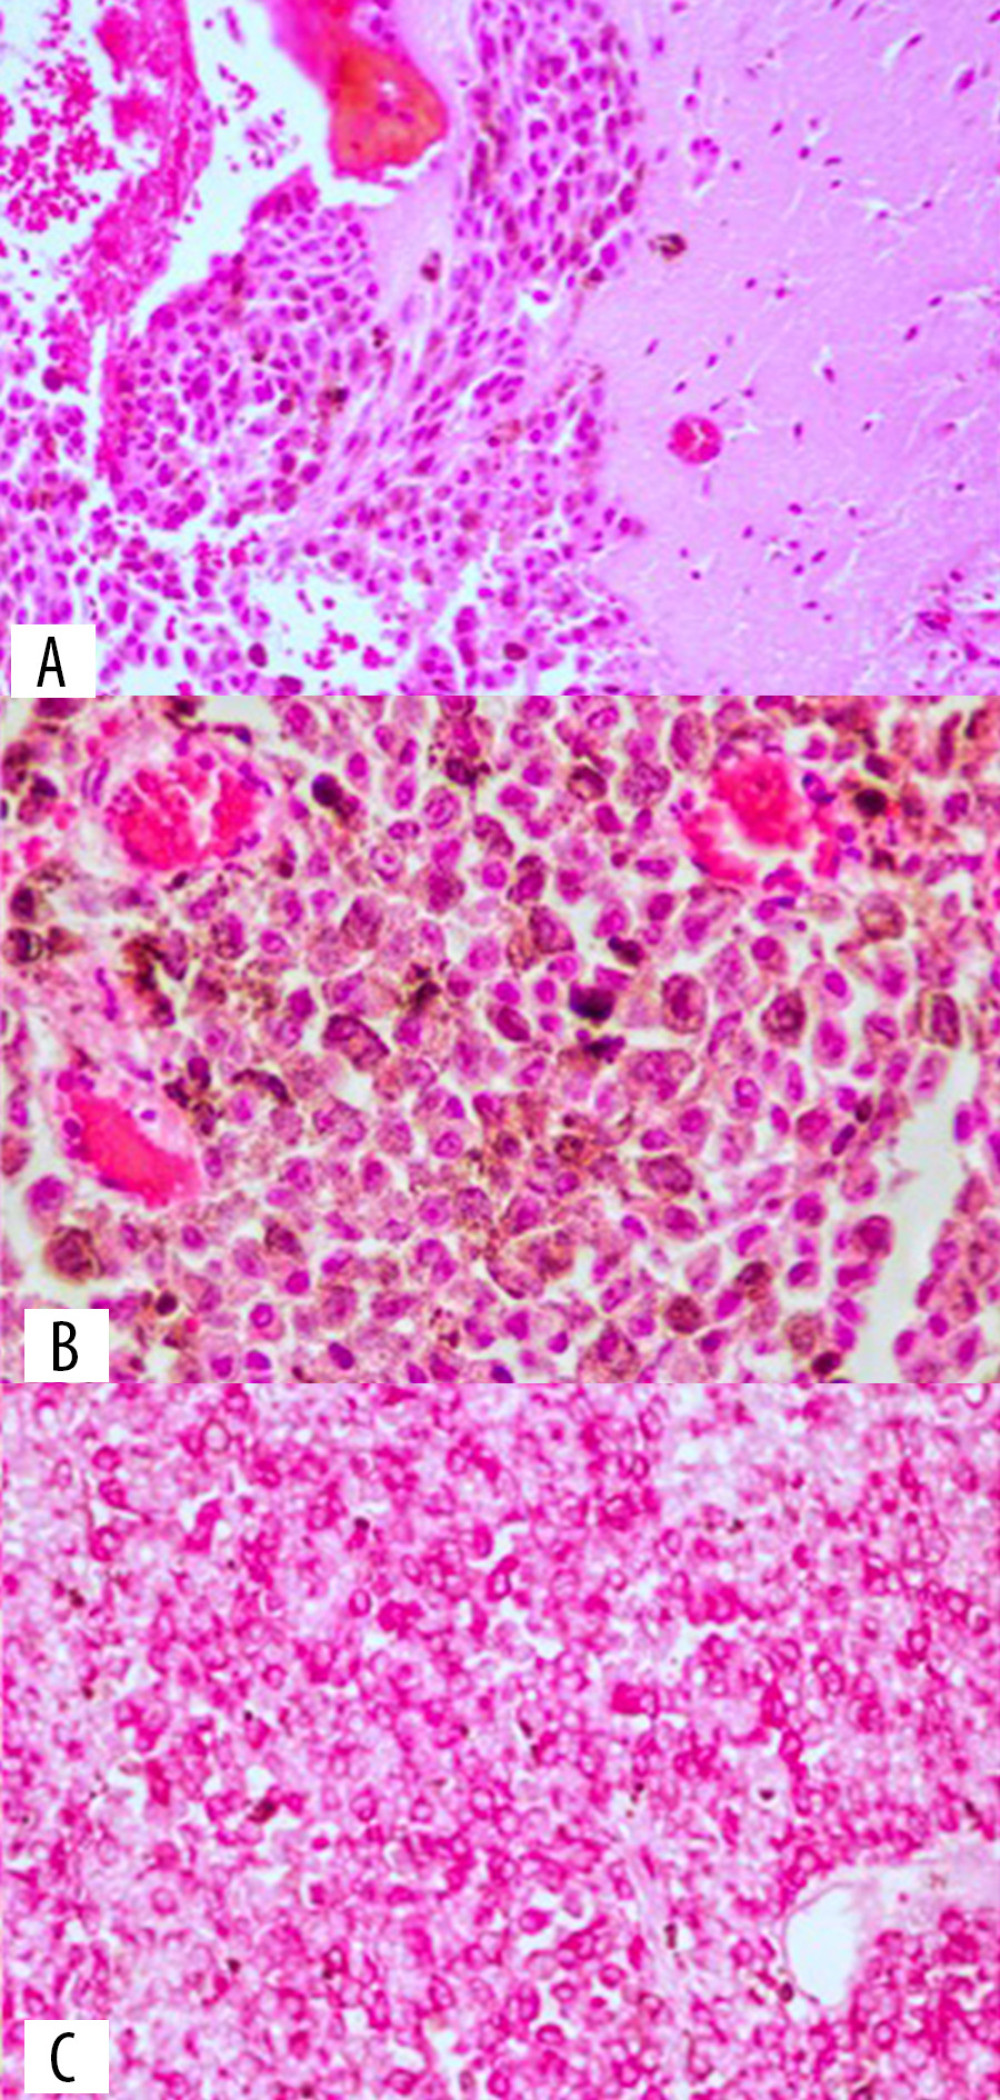 (A) Hematoxylin & eosin (H&E) staining (magnification 20×) shows nests of melanoma cells (left) next to normal brain tissue (right). (B) H&E staining (magnification 40×) shows sheets of malignant melanocytes with prominent eosinophilic nucleoli and dense melanin pigmentation. (C) Magnification (magnification 20×) shows a positive cytoplasmic immunoreaction to HMB45 (red chromophore).
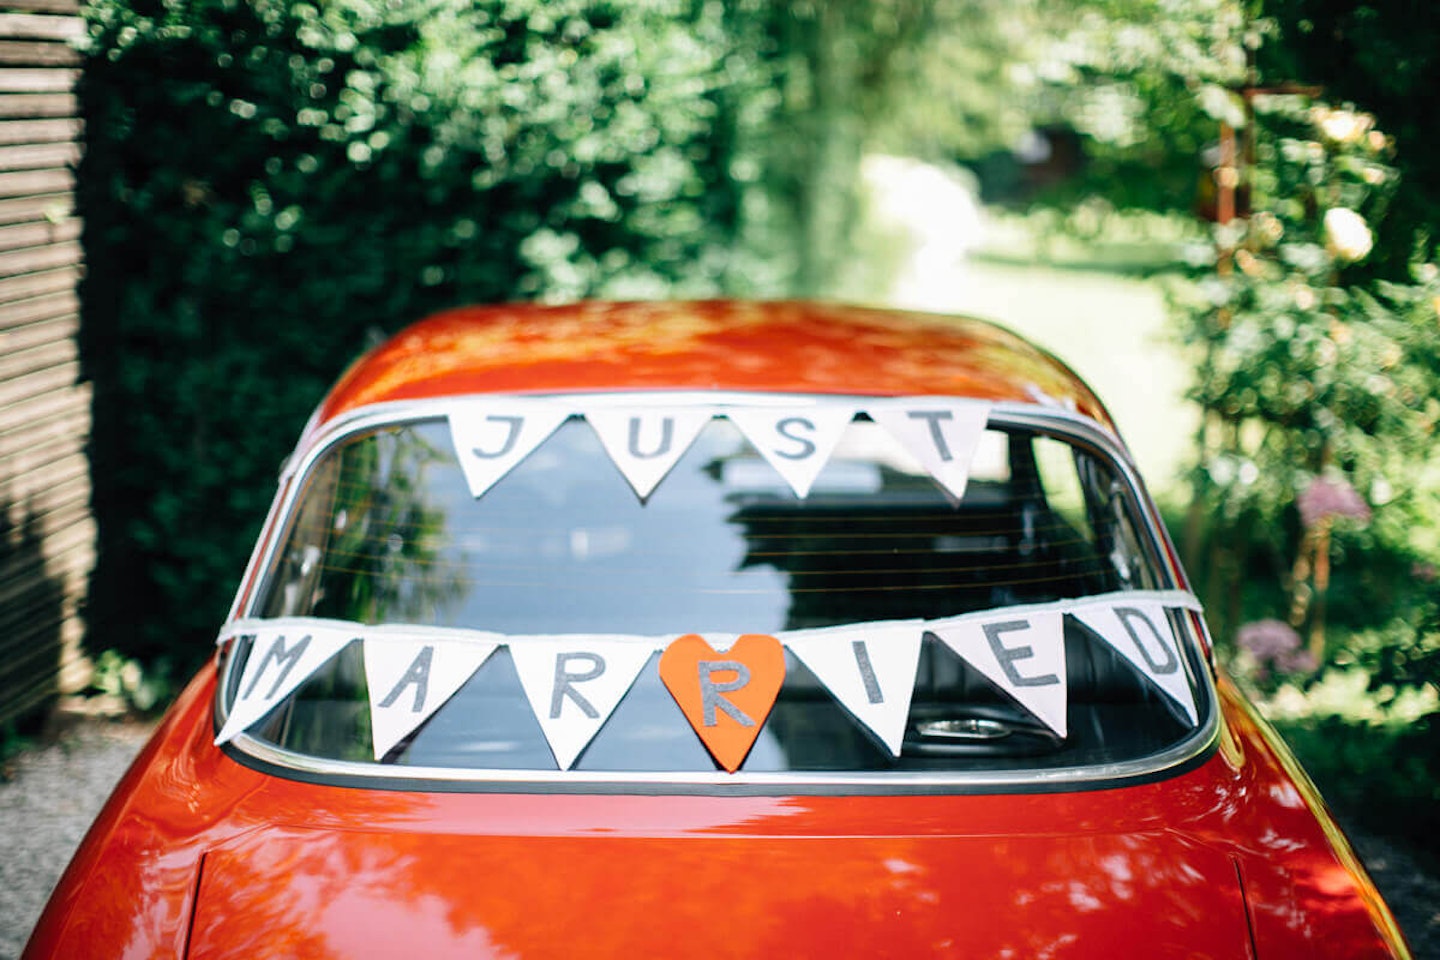 Wedding car decorations
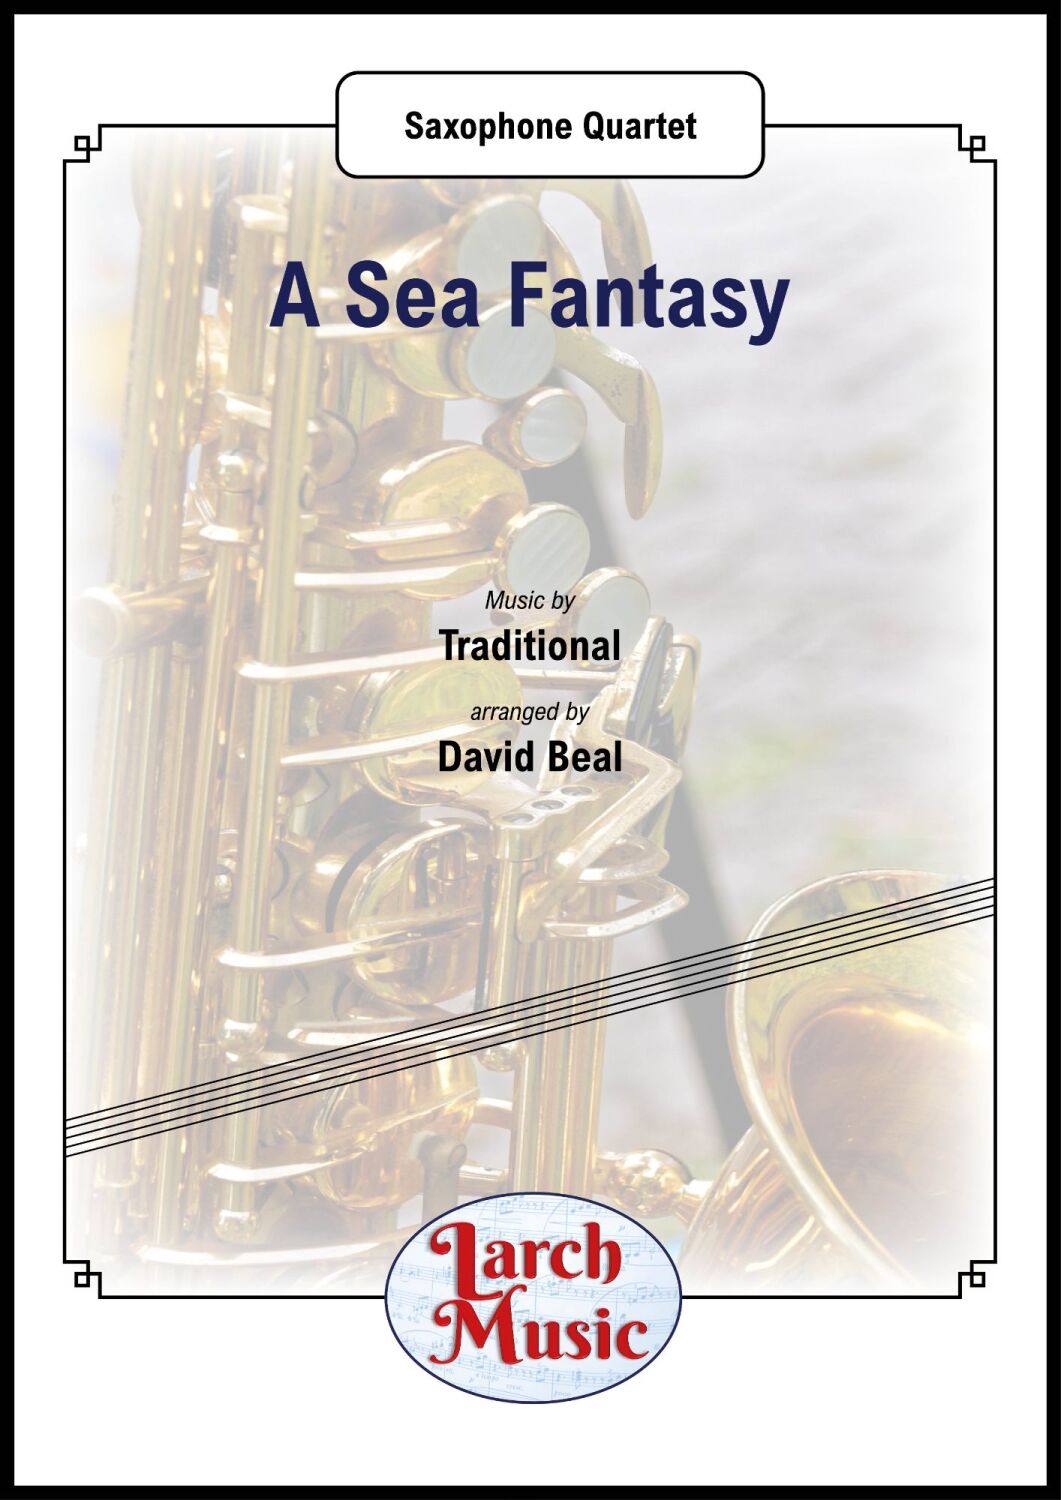 A Sea Fantasy - Saxophone Quartet - LM039
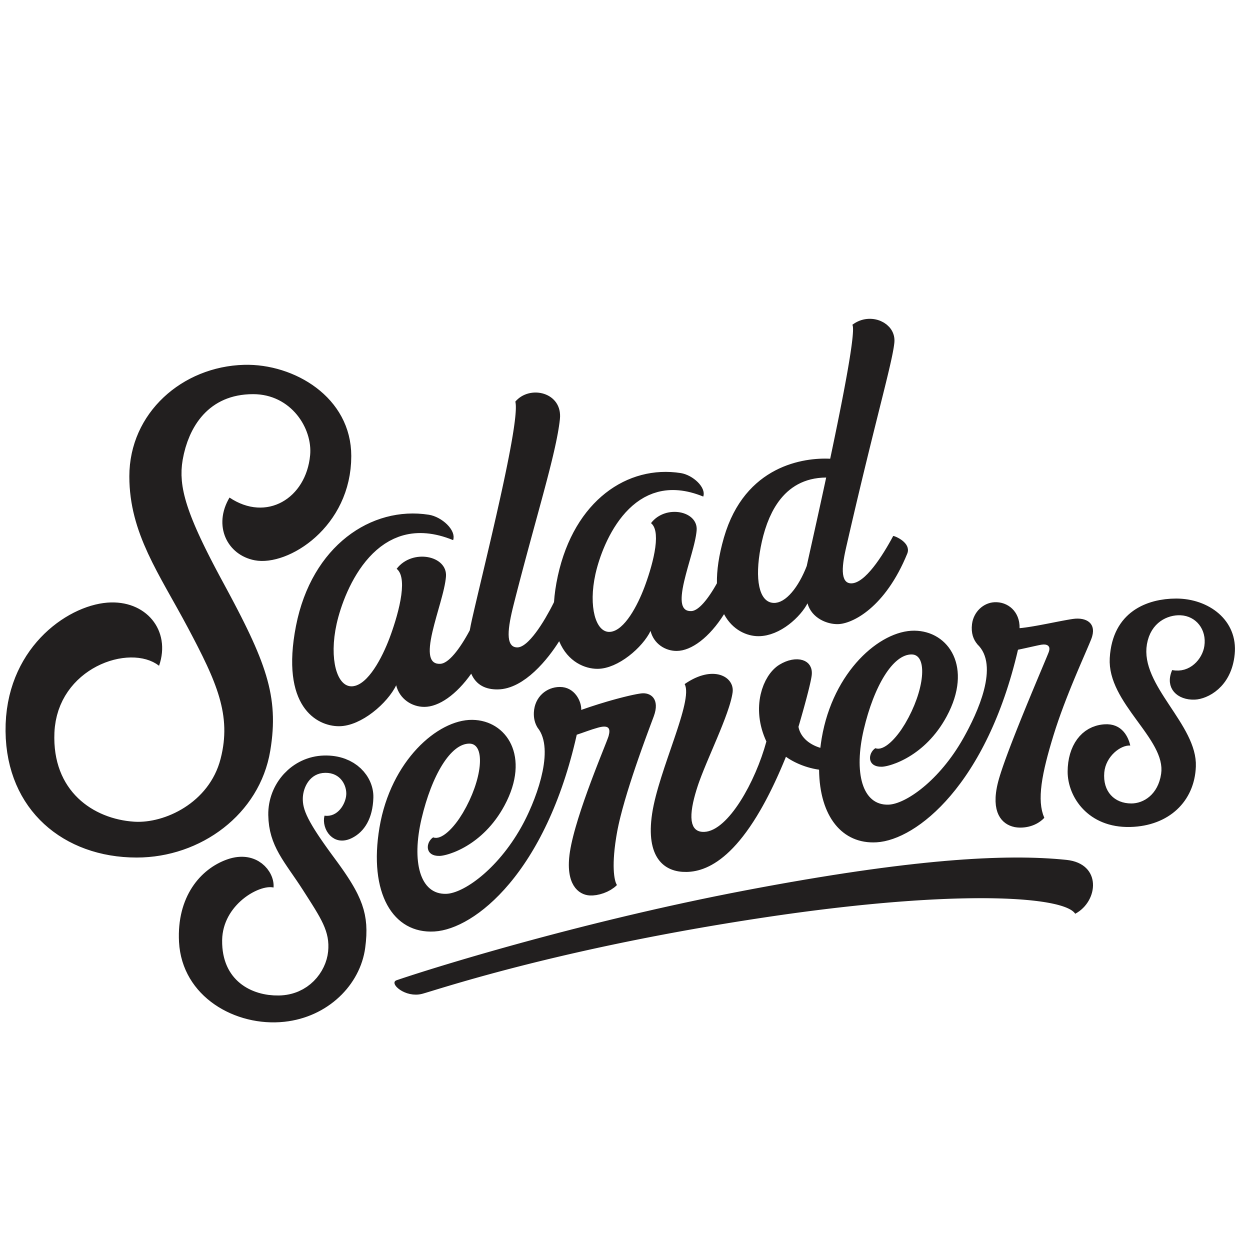 Salad-Servers-logo-alumni-omp11
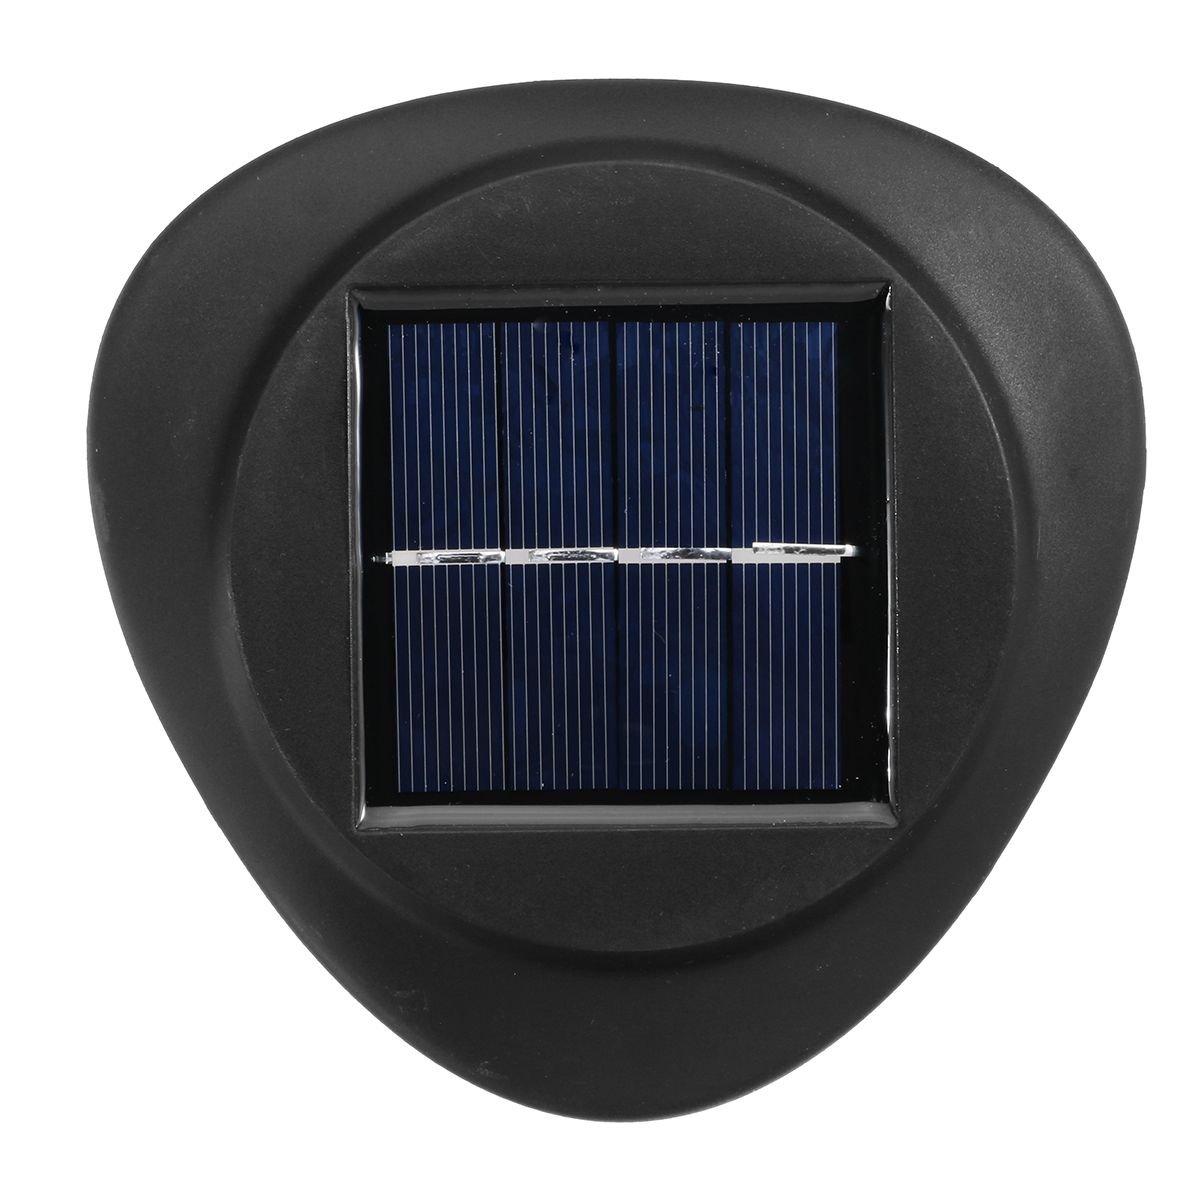 Solar-Powered-9-LED-Light-Sensor-Garden-Security-Wall-Lamp-Outdoor-Waterproof-1370202

..........

### Prompt
Would you return all of the entries unchanged while omitting the images?

### Output below
 (A) Hematoxylin & eosin (H&E) staining (magnification 20×) shows nests of melanoma cells (left) next to normal brain tissue (right). (B) H&E staining (magnification 40×) shows sheets of malignant melanocytes with prominent eosinophilic nucleoli and dense melanin pigmentation. (C) Magnification (magnification 20×) shows a positive cytoplasmic immunoreaction to HMB45 (red chromophore).
 Wedding car decorations
 A Sea Fantasy - Saxophone Quartet - LM039
 Salad-Servers-logo-alumni-omp11
 Solar-Powered-9-LED-Light-Sensor-Garden-Security-Wall-Lamp-Outdoor-Waterproof-1370202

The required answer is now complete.